Quel que soit l’angle de vue, l’histoire reconnaîtra l’année 2017 comme un tournant de la rivalité sino-américaine en Asie. A l’heure où l’administration de Donald Trump repliée vers les tensions internes de l’Amérique se désengage de ses projets commerciaux de libre échange dont l’un des buts était de véhiculer la prévalence économique et commerciale globale des États-Unis, Pékin avance méthodiquement ses pions en Asie du sud-est.

Quand Washington limite son action aux seules questions de sécurité dont, pour l’heure, la plus urgente est le dilemme nord-coréen, Pékin récolte aujourd’hui les fruits de sa constance qui, depuis vingt ans tisse un vaste réseau commercial prêt à prendre le relais du Trans Pacific Partnership abandonné en rase campagne par Washington.

Capitalisant sur la proximité géographique et sa prévalence culturelle au sein du « Monde Chinois », tirant profit de la quête de capitaux et de technologies des pays de l’ASEAN, à quoi s’ajoute leur recherche de débouchés commerciaux offerts par le vaste marché chinois, la Chine est en train de gagner la bataille de l’influence dans ce qui fut longtemps l’arrière cour tributaire de l’Empire du Milieu [1].

Du coup, dans une région où, il y a peu, son étoile avait pâli, Pékin éprouve aujourd’hui un profond soulagement stratégique.

La période fait en effet suite, entre autres, à de violentes réactions antichinoises au Vietnam il y a seulement trois ans et à des vents adverses au Myanmar, à quoi s’ajouta le jugement rendu le 12 juillet 2016 par la Cour arbitrale de La Haye au profit de Manille, niant la pertinence juridique des revendications chinoises de souveraineté sur toute la mer de Chine du sud, la légalité des élargissements territoriaux des îlots des Spratly ; réfutant aussi les réclamations de Pékin sur le récif des Scarborough. Lire notre article Explosion de violences anti-chinoises au Vietnam.

Le désengagement de l’Amérique, expression d’une inconstance stratégique directement initiée par le basculement majoritaire du peuple américain vers des soucis internes, a contribué à calmer les vents contraires ; il rebat les cartes des rapports de forces qui ne sont pas que militaires et laisse le champ libre à la persévérance chinoise articulée autour du commerce et, chaque fois que possible, à la connivence culturelle.

Sans compter que la politique étrangère chinoise est, évidemment et par construction, moins soumise aux variables électorales ou aux humeurs changeantes de l’exécutif.

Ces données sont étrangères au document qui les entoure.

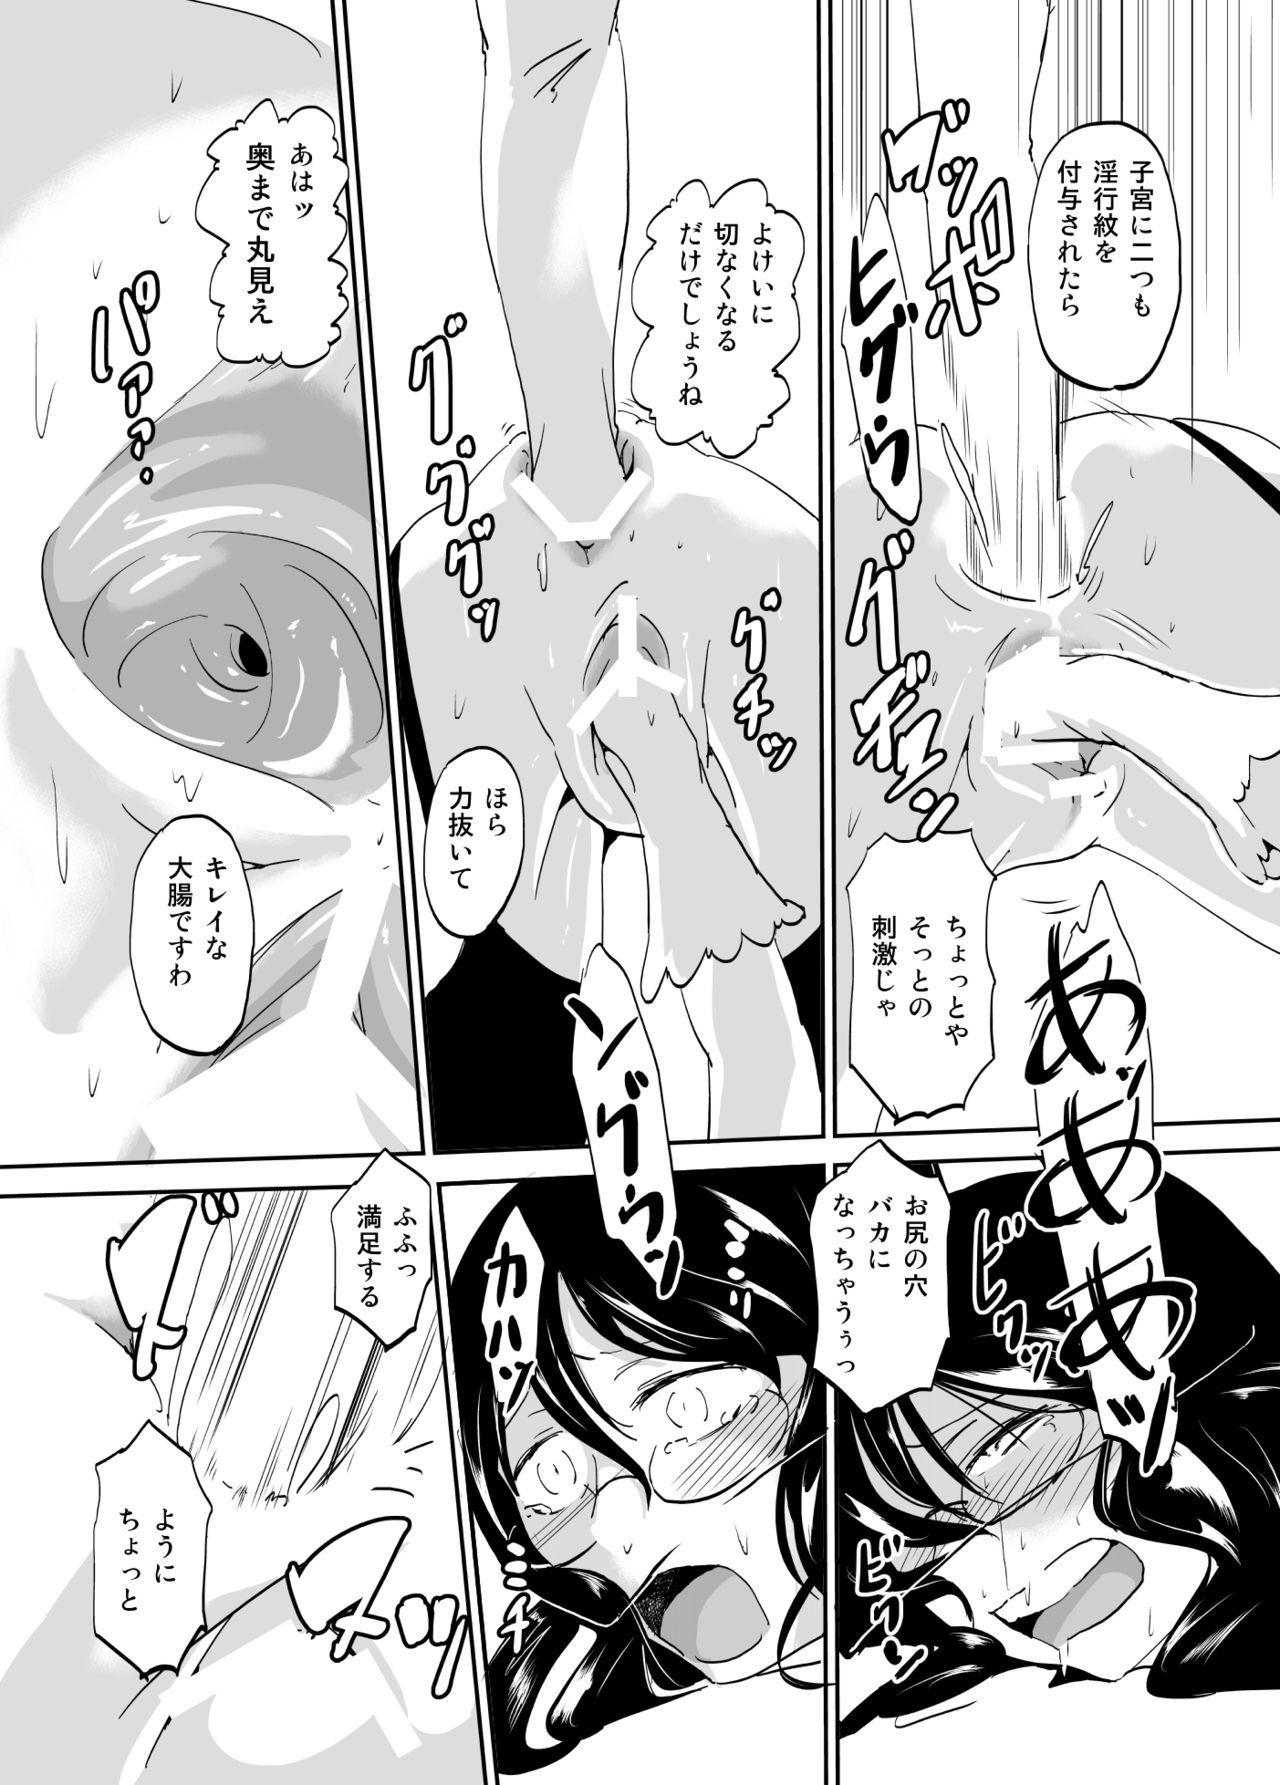 Majutsu Kessha no Onna Kanbu Ken Kyoushi no Pants ga Dasai 13

Un des marqueurs mondiaux de cette stabilité inébranlable dans l’action internationale, en dépit des échecs, est l’Asie du Sud-est où la dernière réunion au sommet des 10 pays de l’ASEAN à Manille a clairement exprimé les prémisses, sinon d’un alignement des pays aux thèses de Pékin, au moins d’une volonté assez générale d’un accommodement avec le géant chinois.

S’il est vrai que les limites des compromis avec Pékin restent encore floues et variables selon les pays, il n’en reste pas moins que le changement d’atmosphère prend Washington à contrepied.

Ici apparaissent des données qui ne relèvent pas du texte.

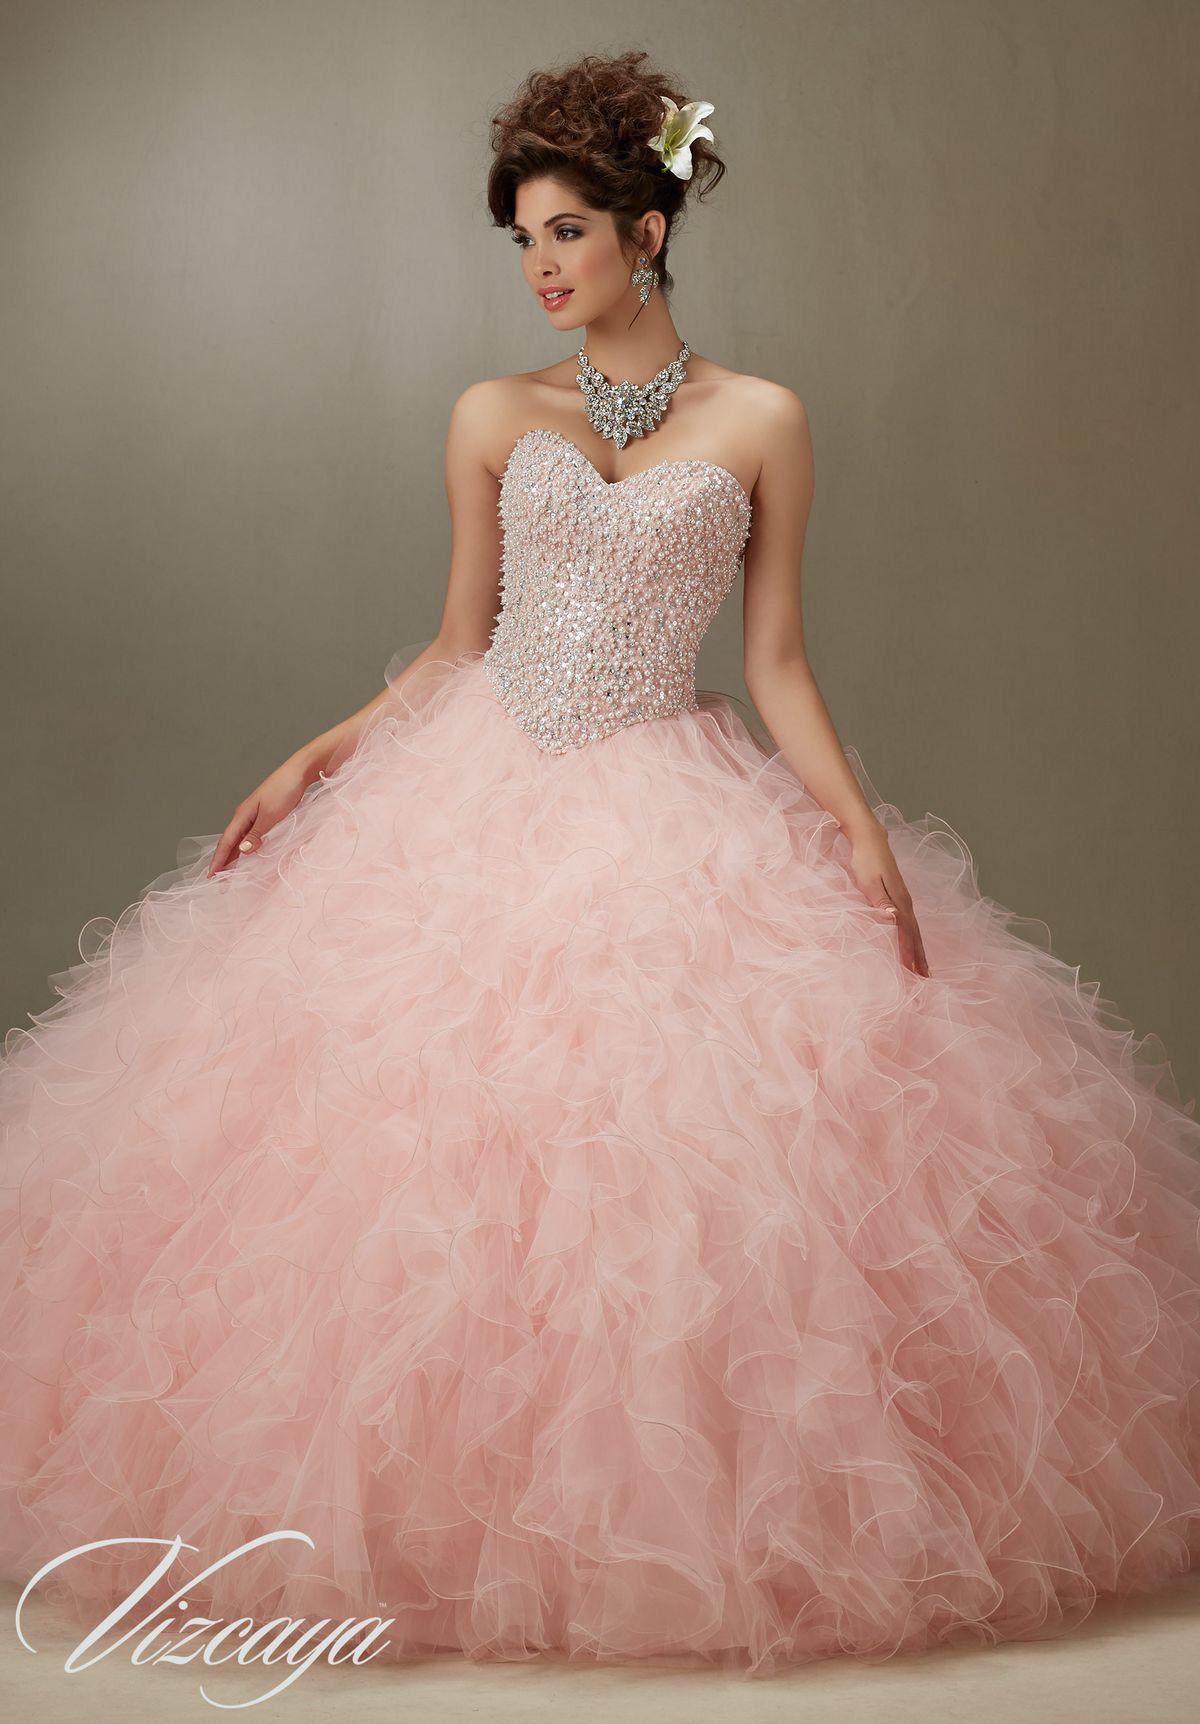 Light pink dress | XV años | Pinterest | 15 vestidos, Años y Vestiditos

A Manille, l’ASEAN prend acte de la puissance chinoise.

Le 30 avril, à l’issue d’un sommet à Manille des pays de l’ASEAN inaugurant la présidence 2017 de l’Association par les Philippines, Rodrigo Duterte, arrivé au pouvoir en 2016 portant un discours très antiaméricain et infiniment plus conciliant à l’égard de Pékin que celui de son prédécesseur Benigno Aquino III aligné sans nuance sur Washington, a donné le ton et le style de son mandat par un long communiqué de 25 pages ayant soigneusement évacué les principales controverses entourant les stratégies chinoises en mer de Chine du sud.

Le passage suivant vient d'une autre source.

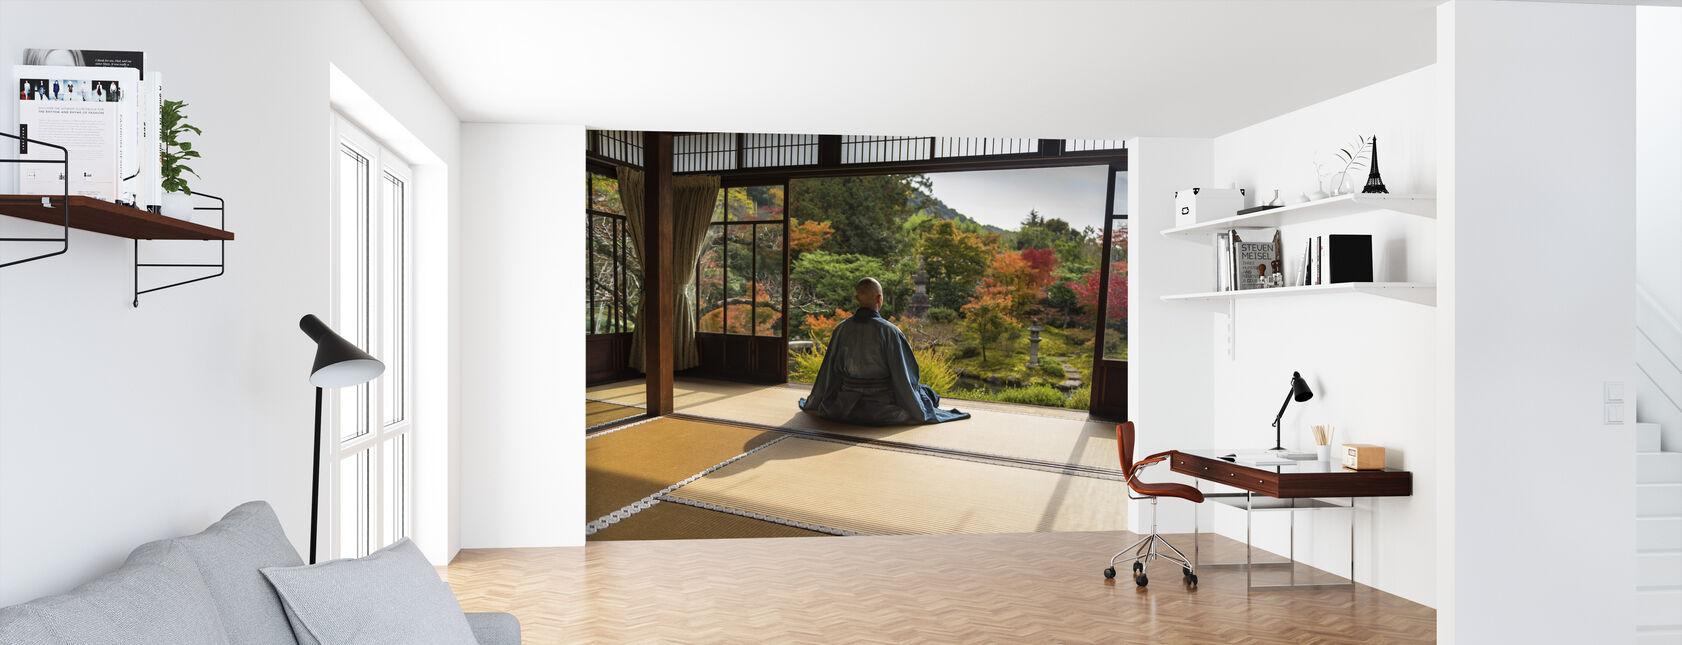 Meditatie - Behang - Kantoor

Fruit de compromis en coulisses entre les pro-Pékin inconditionnels comme Vientiane ou Phnom-Penh, ceux prêts aux compromis comme la plupart, ou les plus méfiants tels Singapour et Hanoi, le texte n’a, comme celui de 2016 à Vientiane, pas mentionné le jugement de La Haye.

Mais cette année Manille est allé plus loin. La déclaration a en effet abandonné les références aux revendications territoriales, à la militarisation des îlots, aux « tensions » ou à « l’escalade » des activités chinoises sur les îlots évoqués en 2016, également présentes cette année dans une première version et, selon des témoins, modifiée sous la pression de l’ambassade chinoise à Manille.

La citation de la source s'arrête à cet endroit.